How to restore state in an event based, message driven microservice architecture on failure scenario
Asked Answered
C

3

21

In the context of a microservice architecture, a message driven, asynchronous, event based design seems to be gaining popularity (see here and here for some examples, as well as the Reactive Manifesto - Message Driven trait) as opposed to a synchronous (possibly REST based) mechanism.

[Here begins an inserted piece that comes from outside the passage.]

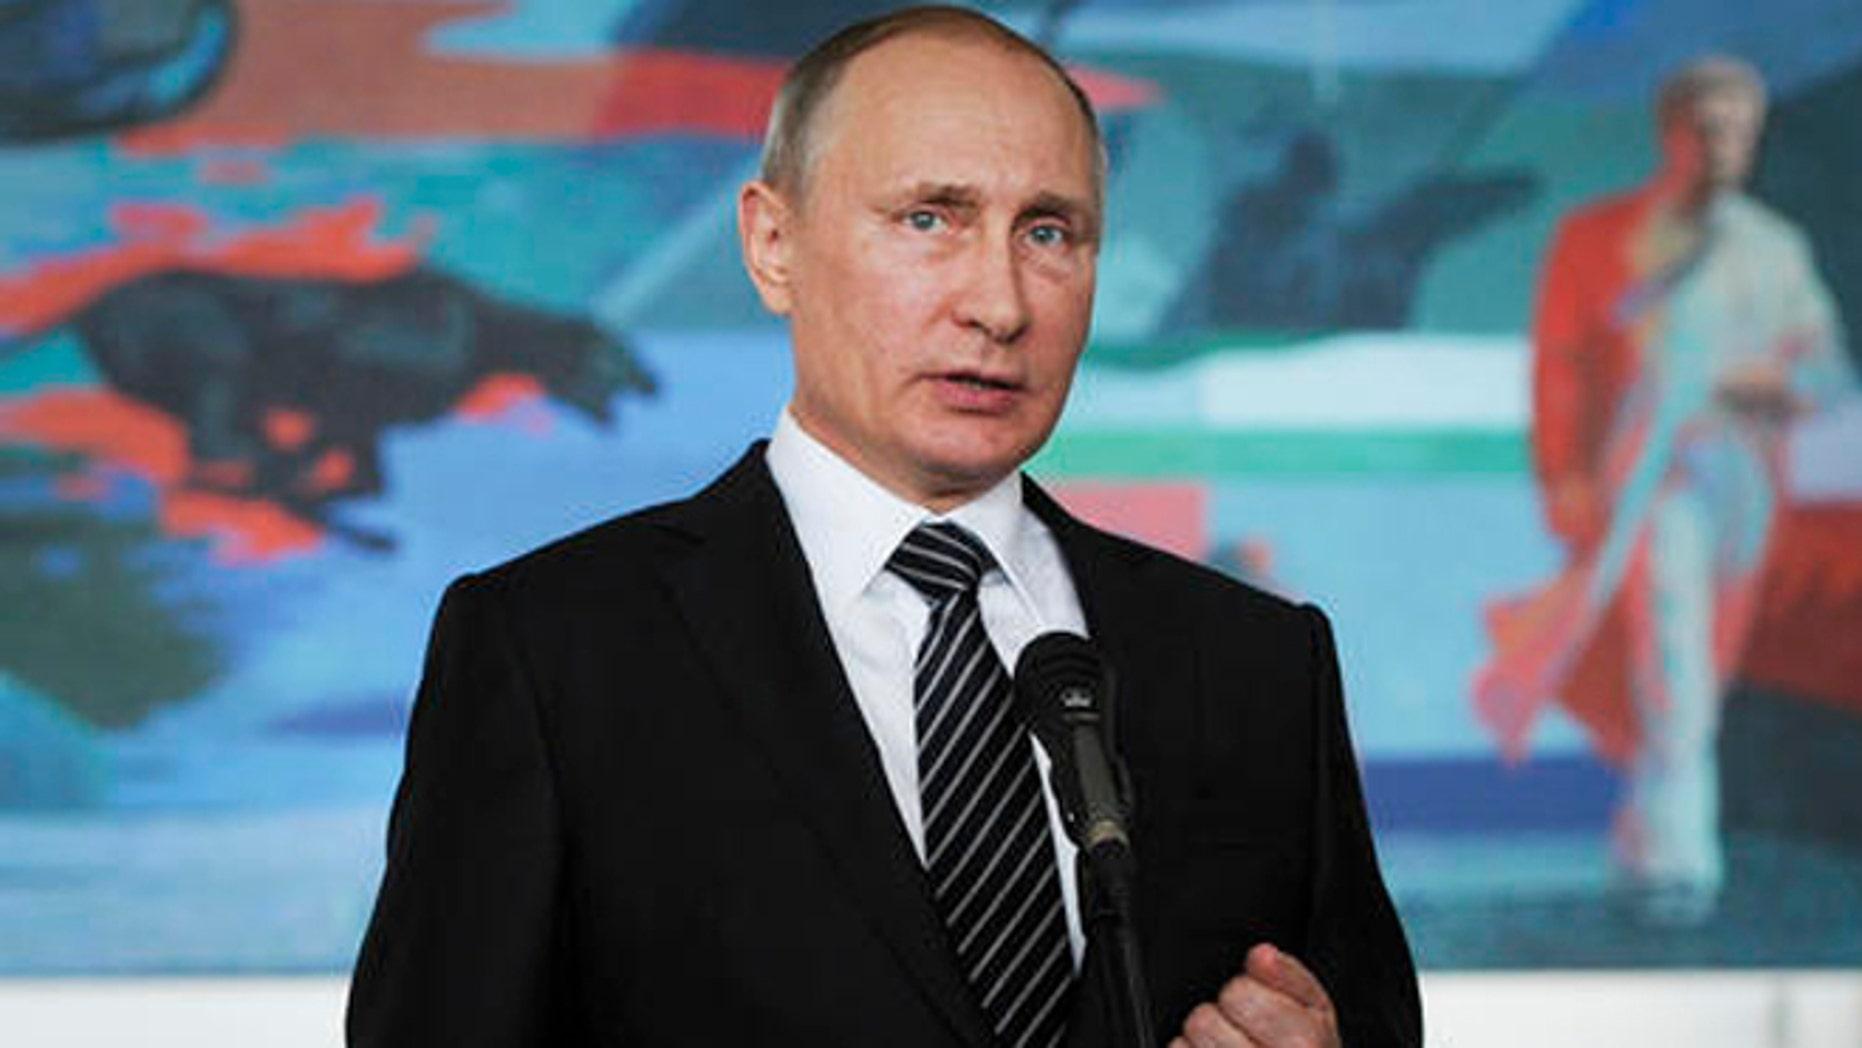 Russian President Vladimir Putin gestures while speaking during a news conference in Bishkek, Kyrgyzstan, Saturday. (Mikhail Klimentyev/Sputnik, Kremlin Pool Photo via AP)

Taking that context and imagining an overly simplified ordering system, as depicted below:

ordering system

and the following message flow:

  • Order is placed from some source (web/mobile etc.)
  • Order service accepts order and publishes a CreateOrderEvent
  • The InventoryService reacts on the CreateOrderEvent, does some inventory stuff and publishes a InventoryUpdatedEvent when it's done
  • The Invoice service then reacts to the InventoryUpdatedEvent, sends an invoice and publishes a EmailInvoiceEvent

All services are up and we happily process orders... Everyone is happy. Then, the Inventory service goes down for some reason 😬

Assuming that the events on the event bus are flowing in a "non blocking" manor. I.e. the messages are being published to a central topic and do not pile up on a queue if no service is reading from it (what I'm trying to convey is an event bus where, if the event is published on the bus, it would flow "straight through" and not queue up - ignore what messaging platform/technology is used at this point). That would mean that if the Inventory service were down for 5 minutes, the CreateOrderEvent's passing through the event bus during that time are now "gone" or not seen by the Inventory service because in our overly simplified system, no other system is interested in those events.

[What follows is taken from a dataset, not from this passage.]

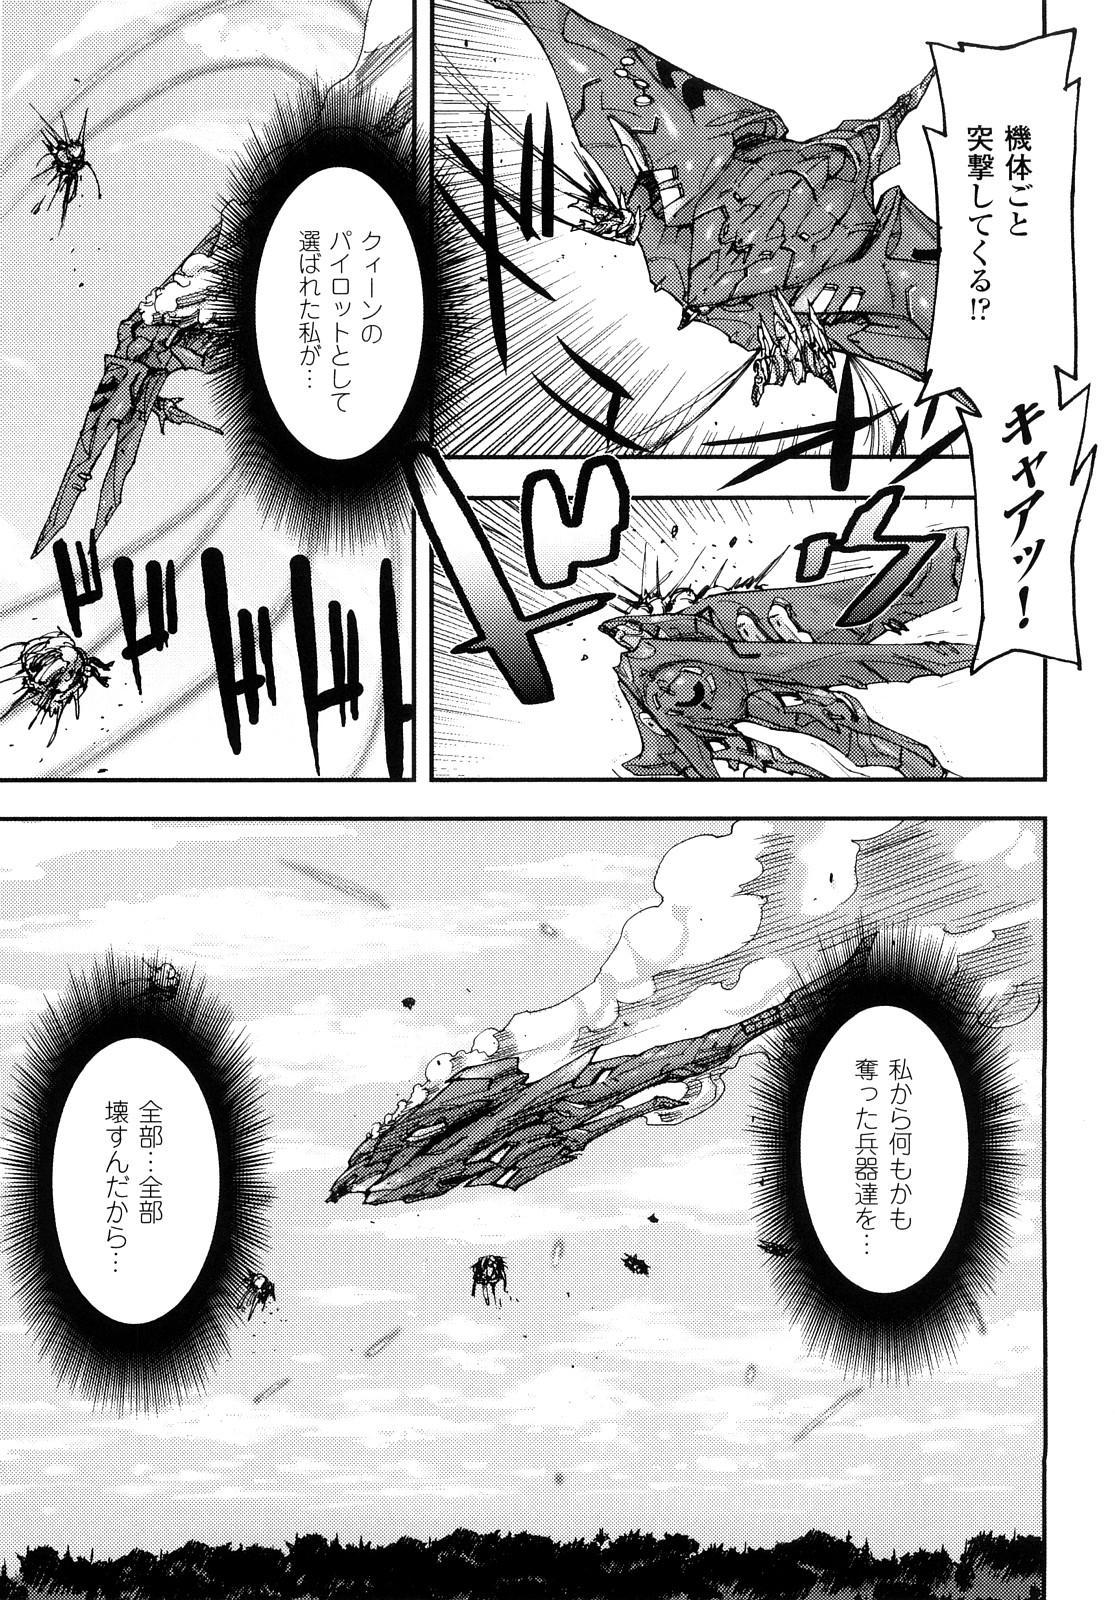 Cerberum no Hitsugi Haitoku no Hanmegami - The Coffin of Cerebrum Immoral Demivenus 163

My question then is: How does the Inventory service (and the system as a whole) restore state in a way that no orders are missed/not processed?

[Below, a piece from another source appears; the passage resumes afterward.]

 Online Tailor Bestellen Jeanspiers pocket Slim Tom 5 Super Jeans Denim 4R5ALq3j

Counterfoil answered 10/6, 2016 at 13:6 Comment(0)
S
12

Good question! So there are basically three forces at play here:

  1. if a service goes down, any of the events it may have missed need to be replayed to keep it consistent
  2. the events, as they happen in "time", have a "this happened before that" ordering to them
  3. there may be (but doesn't have to be) another party interested in overseeing a cloud of events to make sure a certain state is achieved.

For both #1 and #2 you want some sort of persistent log of events. A traditional message queue/topic may provide this though you have to consider the cases when messages may be processed out of order wrt to transactions/exception/fault behaviors. A more simple log like Apache Bookkeeper, Apache Kafka, AWS Kinesis etc can store/persist these types of events in sequence and leave it to the consumers to process in order/filter out duplicates/partition streams etc.

number 3 to me is a state machine. however you implement the state machine is really up to you. Basically this state machine keeps track of what events have happened and transitions to allowed states (and potentially participates in emitting events/commands) based on the events in the other systems.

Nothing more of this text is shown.